Solid progress

When we previously discussed the progress of immunotherapy within cancer treatment, some of the most exciting results were in the field of leukaemia and melanoma, with progress in other solid cancers lagging somewhat behind. In the UK, solid tumour-forming cancers account for the overwhelming majority of cancer mortality for both females and males, so similar progress in these areas could have a transformative impact on the prognosis for sufferers.

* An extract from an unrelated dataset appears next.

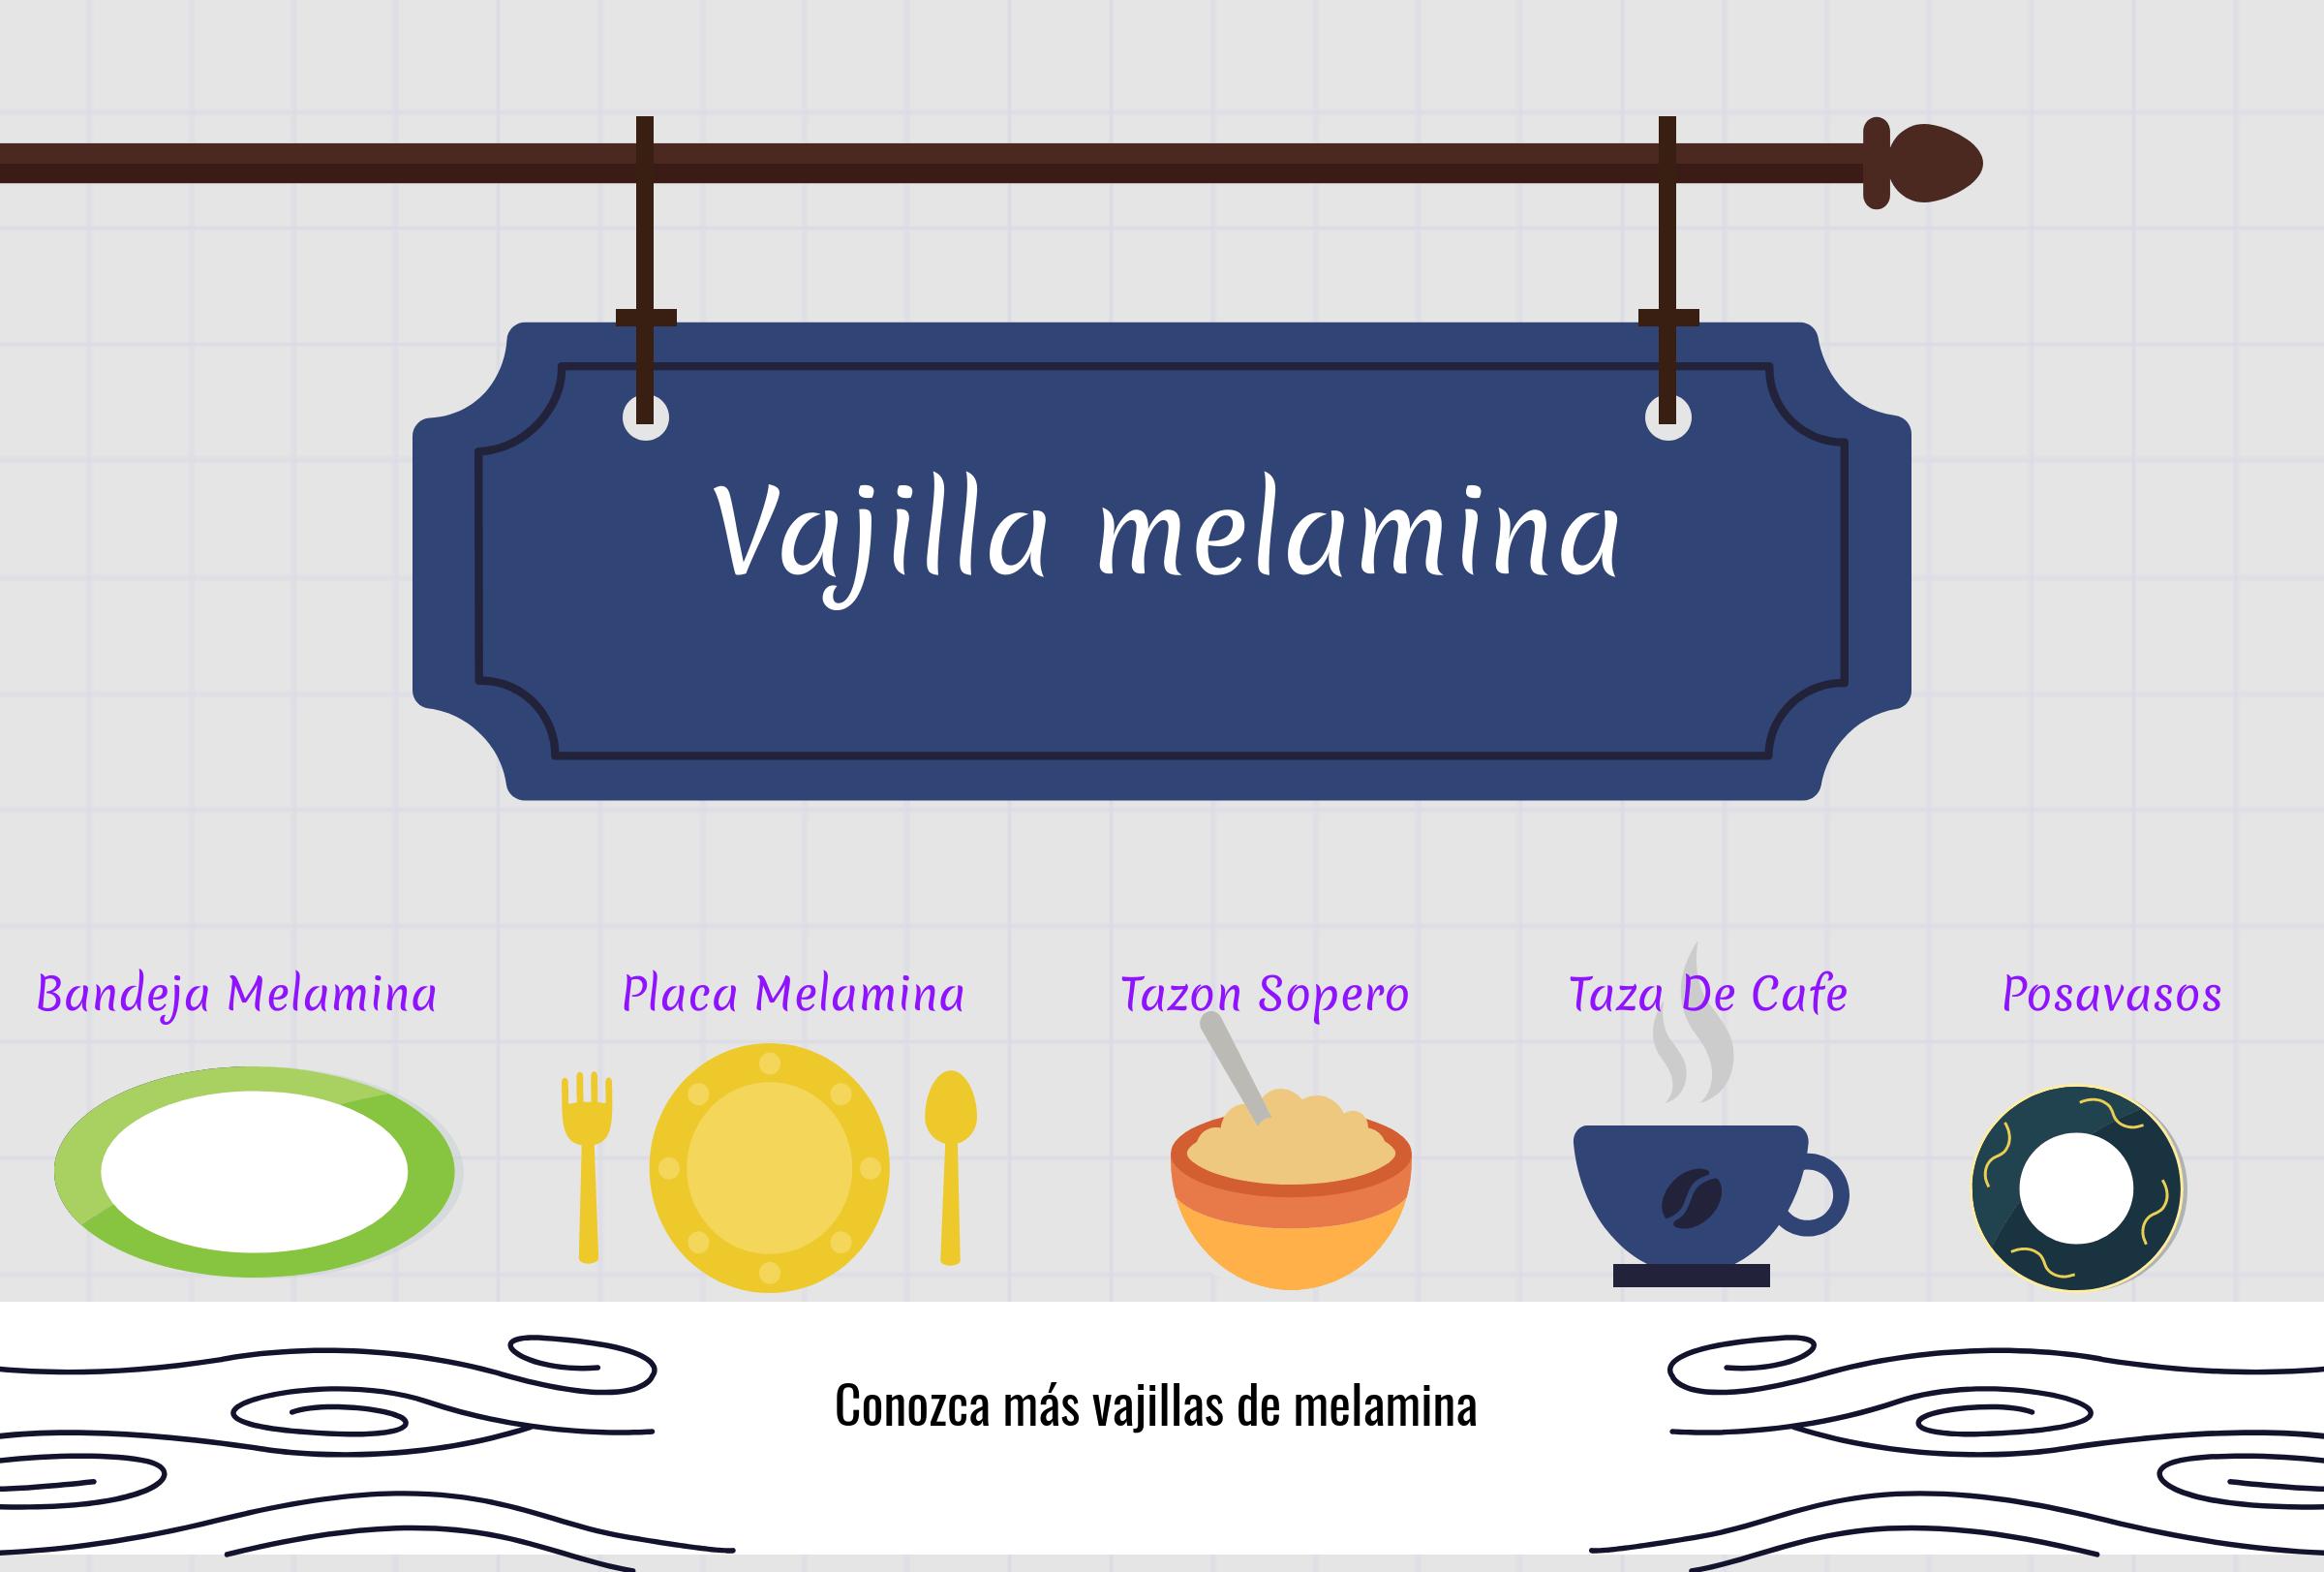 Vajilla de melamina

The CAR-T approaches so successful with blood cancers are undergoing active trials in the UK and have already been approved as a treatment by the US FDA. Such techniques extract, modify and reintroduce the patient's immune cells after engineering the ability to target the cancer. This has the advantage of precision over standard cytotoxic chemotherapies, but the disadvantage of complexity (with the cost and time implications that follow from that), alongside the risks of initiating a dangerous systemic immune response.

Recent work examining the role of adjuvants to stimulate immune response in cancer vaccination show increasing promise. Researchers from Stanford recently trialled the combination of two immune-stimulating agents introduced directly into tumour sites within both single- and multiple-tumour mouse-models. The immune stimulating agents, CpG ODN and an anti-OX40 antibody, are already in use with human subjects. The degree of response in the lab animals was striking, not only impacting the tumour at the introduction site, but causing spontaneous remission of metastasised tumours throughout the body. Of 90 mice treated, 87 were completely cured of lymphoma in the first pass, with the remaining three suffering a recurrence cured by a second pass of the treatment. Successful results were also found in mouse models of breast cancer, so the treatment exhibits a degree of generality that will be doubtless be explored in subsequent human trials. Since this technique involves no personalised immuno-engineering, as a potential treatment it would be relatively inexpensive and straightforward. While the usual caveats about translating animal results to humans apply, both agents are in use individually within currently ongoing trials, which may permit accelerated introduction of the second agent in certain cases to assess efficacy within humans for various cancer types.

Pancreatic cancers are infamously difficult to treat, with survival rates stubbornly low over the last four decades. One reason for this is that the disease remains hidden until a late stage. Nearly half of sufferers are diagnosed only after presenting for emergency treatment, by which time the disease is usually deeply established and resistant to therapy. However, a novel therapeutic approach re-purposes a well-known enemy of our immune system. Research teams led from London's QMU engineered adenovirus-variants to not only target pancreatic cancer, but also deliver a newly developed non-toxic form of the immunotherapy agent Interleukin-12, thus harnessing nature's own nanotechnology to find, infect and eliminate tumour cells. With further trialling such viral engineering may provide a method of delivering effective treatment in cases that were previously beyond hope.